Emi watched him squeeze his wife’s hand. Emi reached out and touched his leg. She only sensed love and worry from him, not an ounce of anger.
“Hey, it’s okay.” He looked at Emi again. “Please, you’ve got to figure this out.”
“We will, Dr. Martinez.” She checked his vitals again. No change other than the obvious increases in blood pressure, heart rate, and respiration from him being conscious. “Get him some water,” she told Taber. “No solid food yet.”
After an hour, the doctor showed no signs of a rage. Emi had Taber reposition him, still shackled but sitting up on the table.
Ilse wouldn’t leave his side. Emi tried not to think about the woman’s emotions, instead focusing on the job ahead of her. She turned to Sam. “There are three cases of testing supplies on the lander. Please bring them for me.”
He nodded and set off to do it. She turned to Taber. “Get all the men who aren’t infected, and gather them here so we can take samples. We also need samples from the infected men and from all the boys.
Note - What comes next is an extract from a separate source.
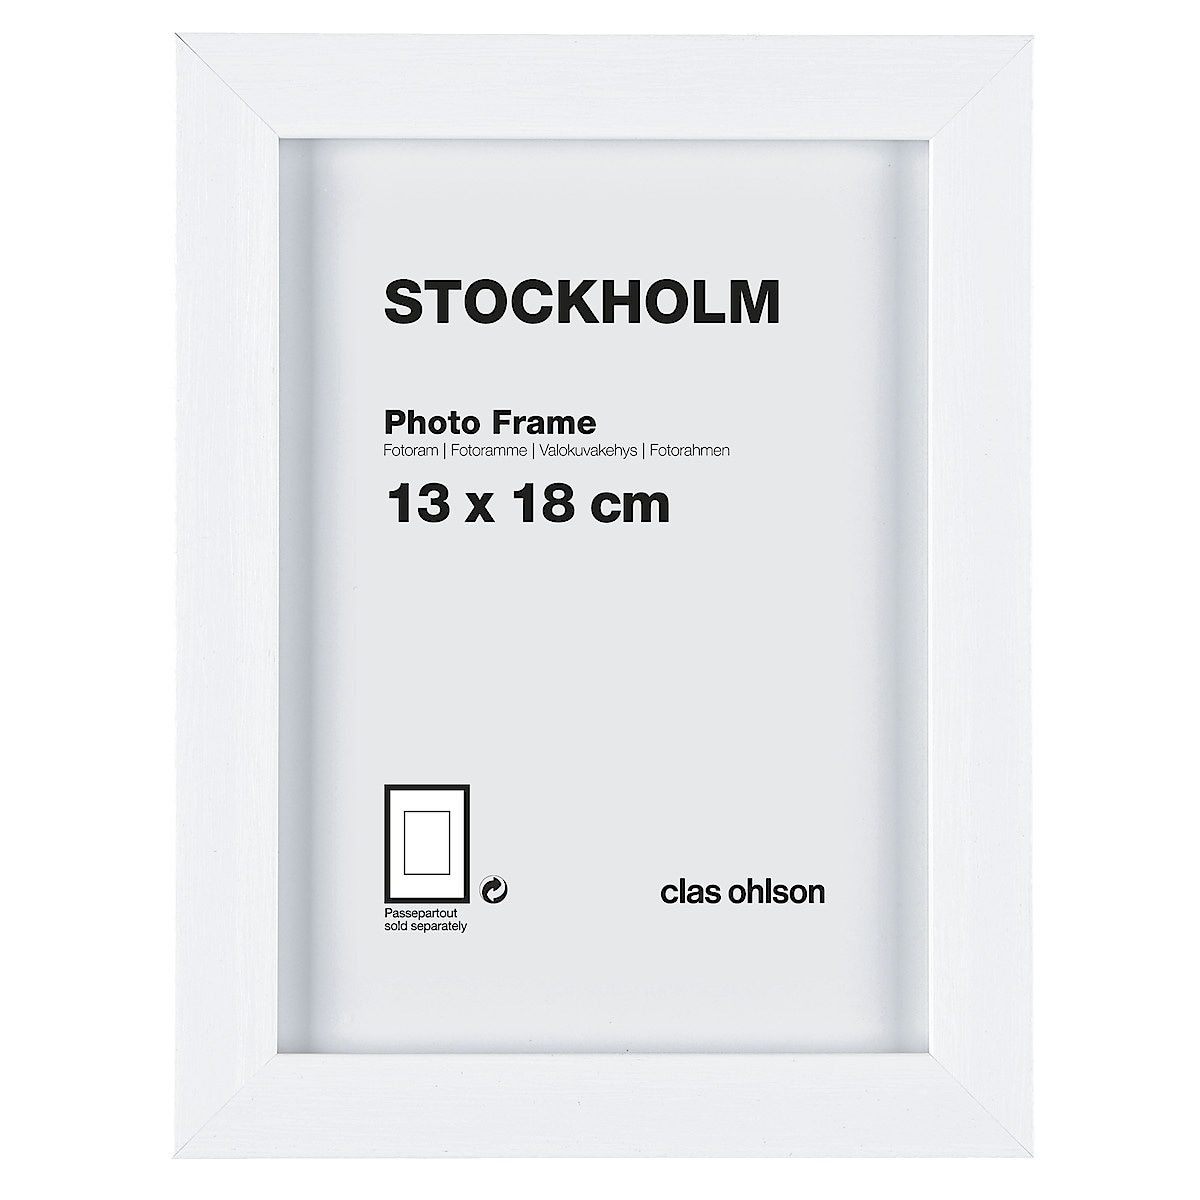 Fotoram Stockholm vit

We’ll do the women after that, but I want to send the samples from the men up to the Braynow Gaston now and let their labs start working on it. Maybe they can figure it out. We also need the info on that resupply freighter so we can see if their crew had any issues.”
“You’ve got it, Doc.” He took off to get the men.
Aaron still hadn’t interrupted her. She watched as he tried to wiggle his nose and upper lip inside his suit’s helmet to scratch an itch. “Will you please go back to the lander now?” she pleaded. “I’m not in any danger. Run a decon cycle in the air lock and get out of that monkey suit.”
“No.”
She sighed in frustration. She picked up her com unit and hailed Donna on the K-2.
“What have you found out?” Donna asked.
“I’m going to sync this info up to both your data banks and the Braynow Gaston. See if you can find anything in it, a pattern or something. I’ll have samples to send up to the Braynow Gaston crew in the next couple of hours.”
“Roger.”
Emi plugged a patch cable into the hand-held. Within a few seconds, the data streamed up to the ships.
Donna paged her. “Got it. I’ll go through it now.”
“Thanks.”
The sound of a rumbling stomach rolled though the room. Dr. Martinez blushed. “Sorry,” he apologized.
“That’s okay. You feel like eating something?”
“I’d kill for a piece of Ilse’s cinnamon toast.”
Ilse laughed. “Figures you’d ask for something like that.”
Emi smiled. “One piece to start with. I don’t want to overload your stomach. I should make you eat soup first.”
Dr. Martinez managed a weak smile. “I’m willing to risk it, Dr. Hypatia.”
Emi cleared him to try a piece of toast. Ilse hurried off to make it. After a few minutes, Emi leaned back and closed her eyes. A tension headache threatened. Nothing in her preliminary scans indicated anything out of the ordinary. Maybe whatever it was had run its course?
“My wife makes the best cinnamon bread,” Dr. Martinez boasted to Emi. “You should try it.”
Then she had a thought. “Cinnamon? You grow that here?”
“Oh, no. That came from Earth.”
Her heart sank. “You’ve been growing your grains here?”
“Almost from the start.” He sighed. “I thought maybe it was a food issue, but everyone’s eating the same things from the same sources.”